Like the Australian, the Tasmanian natives shrank from naming their departed friends; and often, if the deceased person had borne the name of an animal, or tree, or locality, they invented a new word to describe the object.

No sound like that of the letter "s" was contained in either vocabulary.

Most observers remarked that there was no trace of religious usage in Tasmania, but a dread of evil spirits. But Clark, long a catechist among the natives herded at Flinders' Island after capture, testified that "the greater portion, but not all of them, believed that they were to live after the body died." It may be that, as in Australia, the relics of their religious cult were enshrined in the ceremonies which they observed. "If," said Father Clark (as the natives called him), "so few die joyfully blessing God, are they singular in that respect? The last words of one who died at Flinders' Island were, 'Lord Jesus Christ, come and take me to Thyself.' This was in the hearing of the greater portion of the people who are yet alive. He was a good man." Clark himself shed tears of joy when relating the happy deaths of some of his dark disciples. The race was therefore not incapable of religious impressions or of prayer.

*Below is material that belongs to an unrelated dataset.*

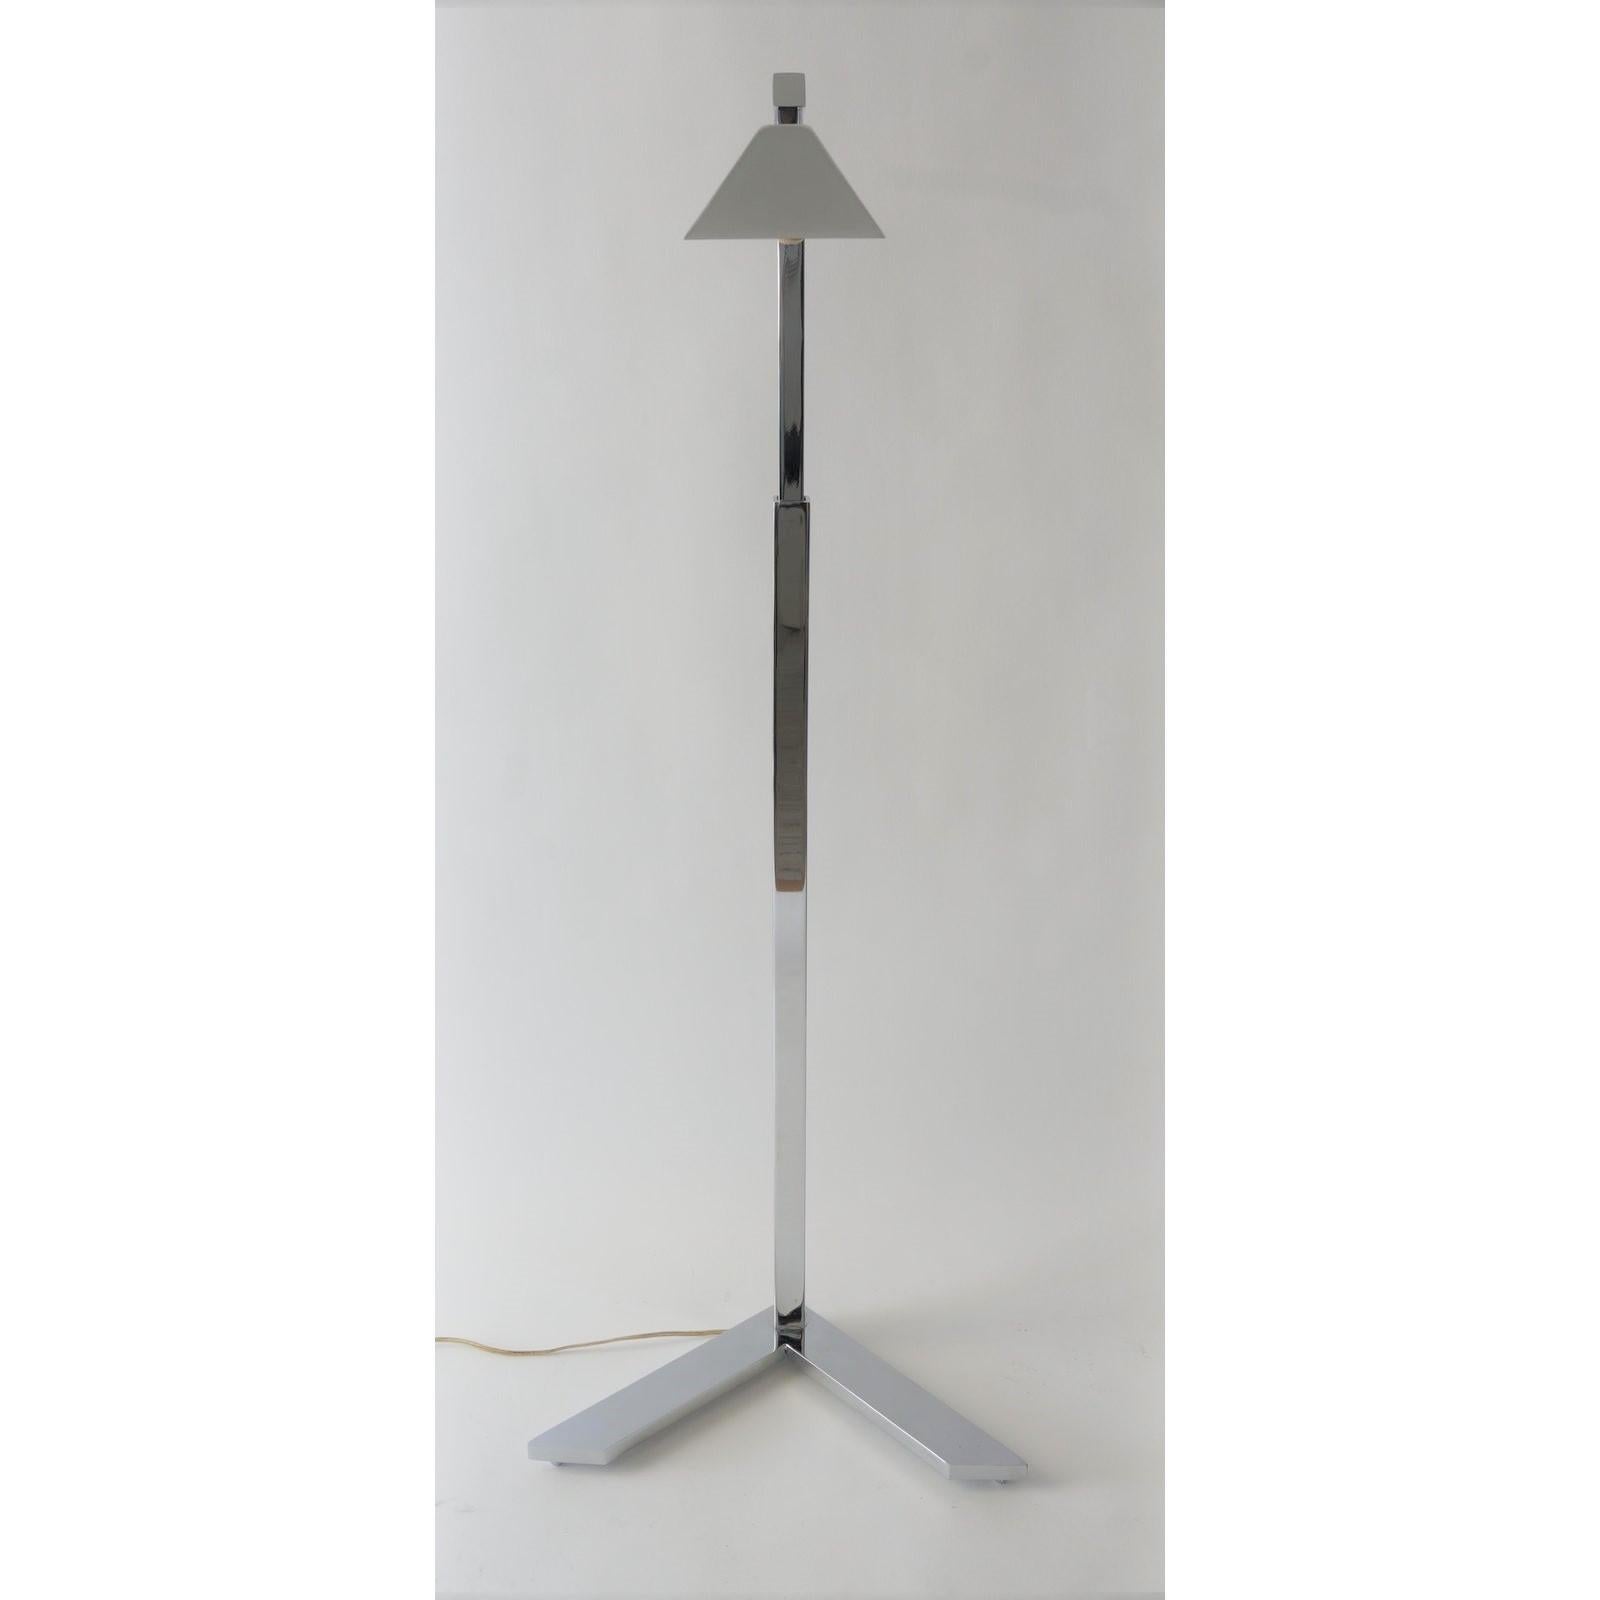 Casella Style Adjustable Chrome Floor Lamp In Good Condition For Sale In West Palm Beach, FL

Like their neighbours they believed in sorcery, and are said to have believed in necromancy, but there is no record of their traditions; nor can there ever be, for the last of them, Truganini, died in 1876. Some of the white invaders saw the whole race disappear, and fragments of ill-compiled vocabularies are all that remain to tell of a people which has passed away.

The great possession—fire—was procured at will by the Tasmanians in the same manner as by the Australians.[1] Both of them ascended trees by notching the bark. It was not strange that viewing the space from notch to notch, and not seeing the men who used them, Tasman conjectured that they were a race of giants.

  1. Sir John Lubbock ("Prehistoric Times") gives an illustration of Tasmanian fire-sticks presented to him by G. A. Robinson, the conciliator of the shattered remnants of the tribes.